[Stored data Boundary: Start]
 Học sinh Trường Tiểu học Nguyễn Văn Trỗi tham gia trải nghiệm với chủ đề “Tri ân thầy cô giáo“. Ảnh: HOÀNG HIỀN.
[Stored data Boundary: End]
[Stored data Boundary: Start]
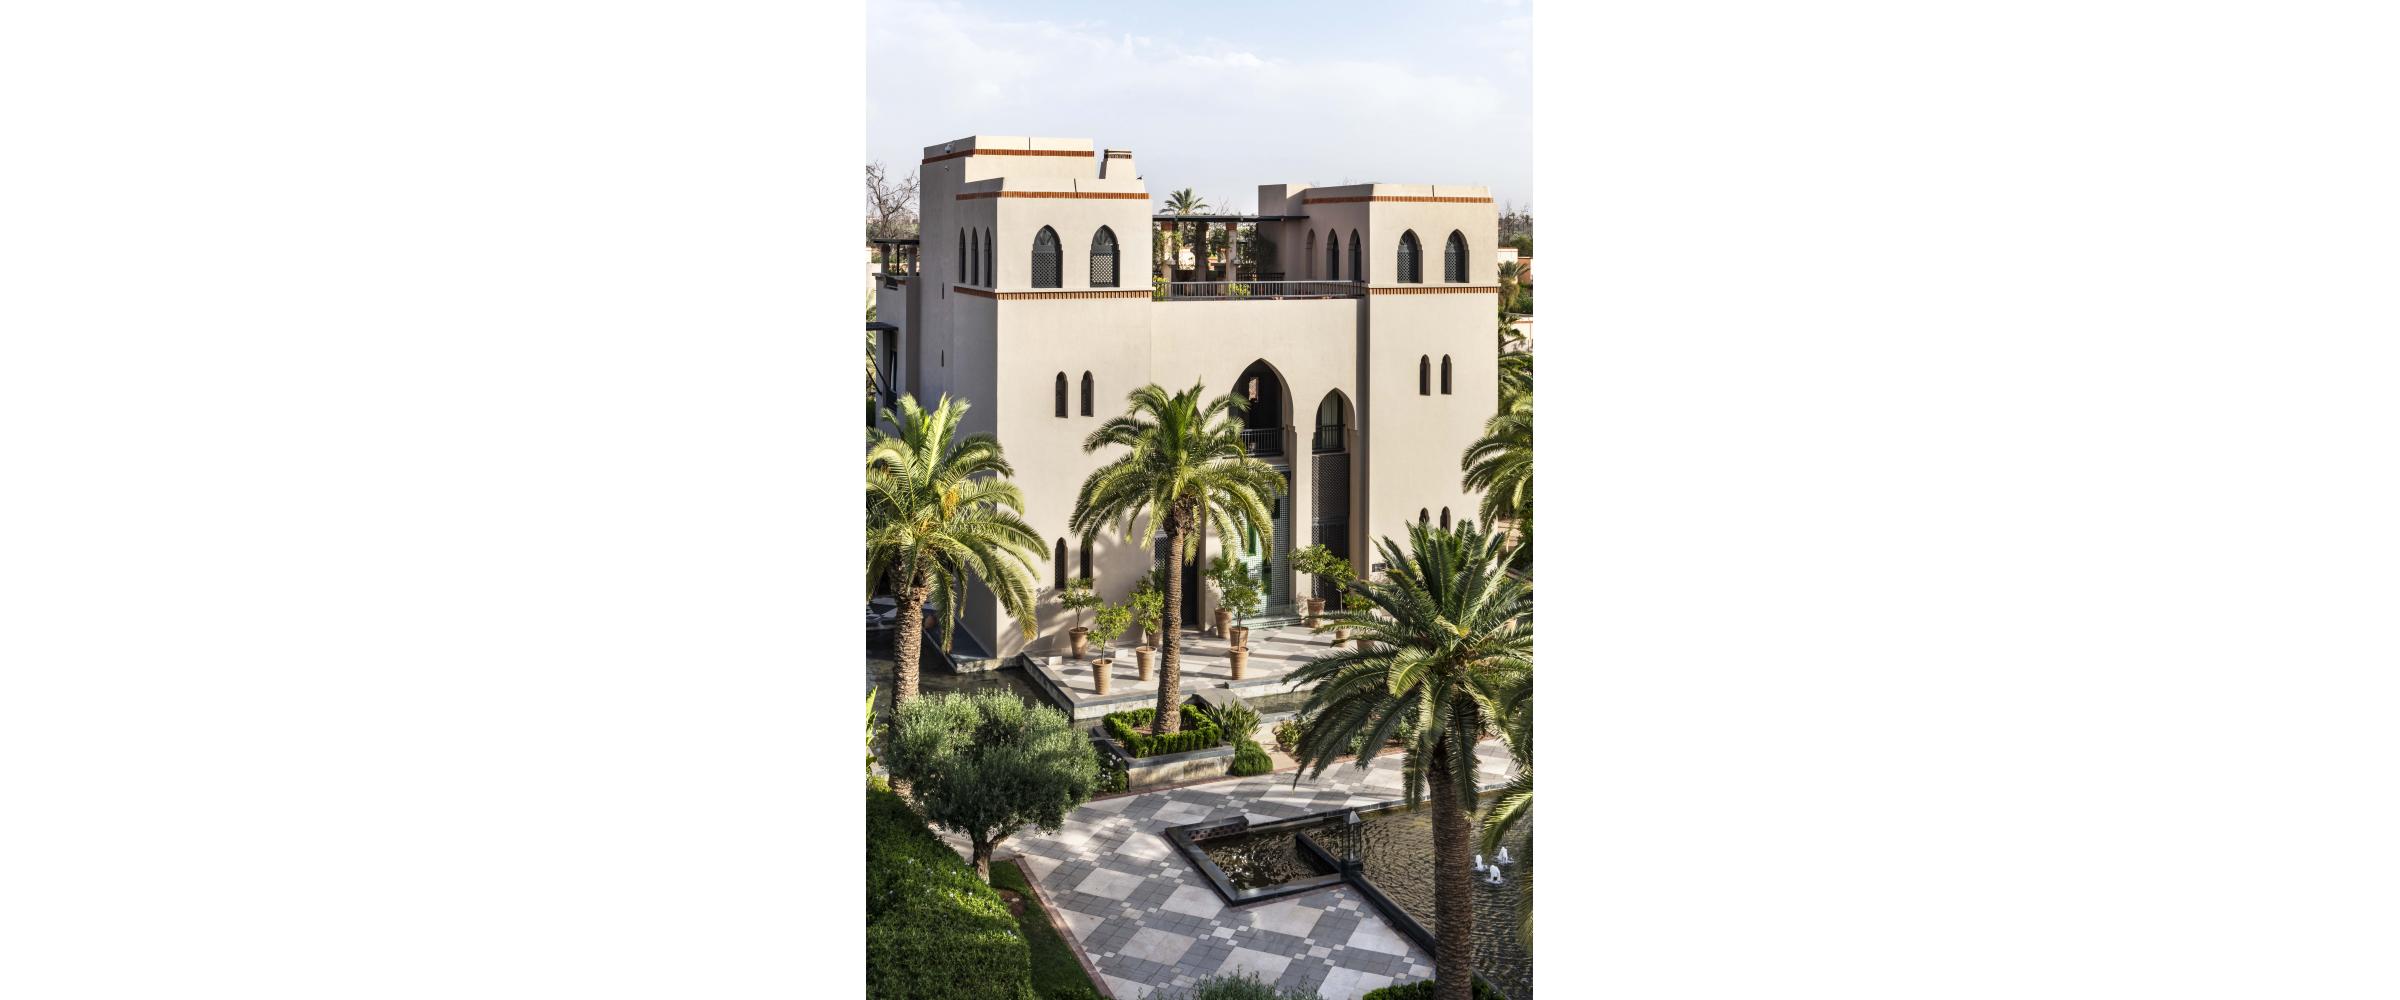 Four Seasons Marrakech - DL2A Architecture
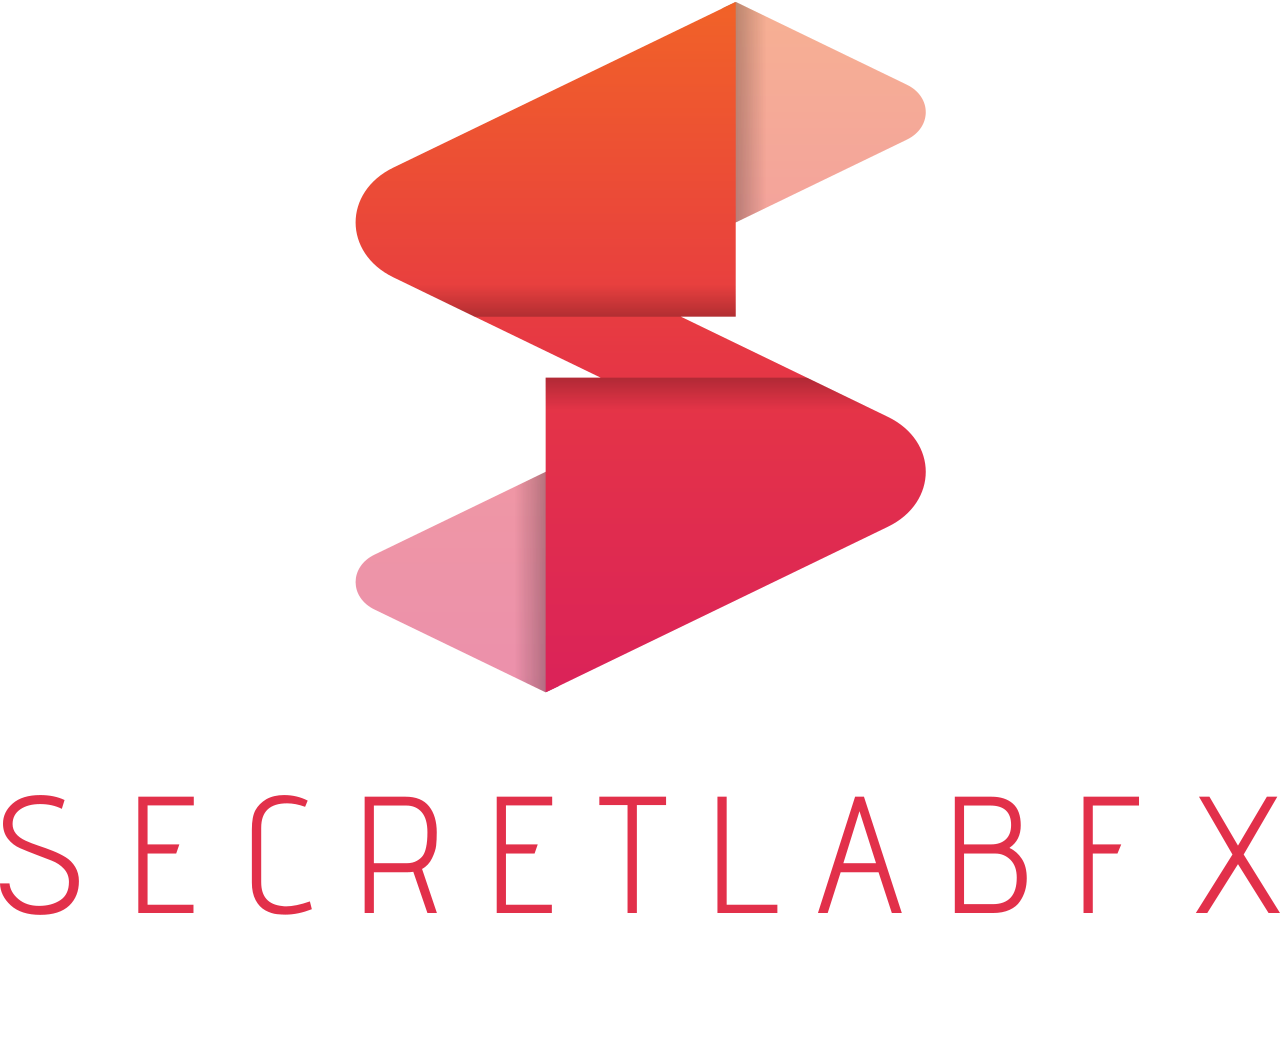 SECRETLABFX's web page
[Stored data Boundary: End]
In the records above, find the line with "Four Seasons Marrakech - DL2A Architecture". Print exactly from there through the line with "SECRETLABFX's web page", minus the pictures.

 Four Seasons Marrakech - DL2A Architecture
 SECRETLABFX's web page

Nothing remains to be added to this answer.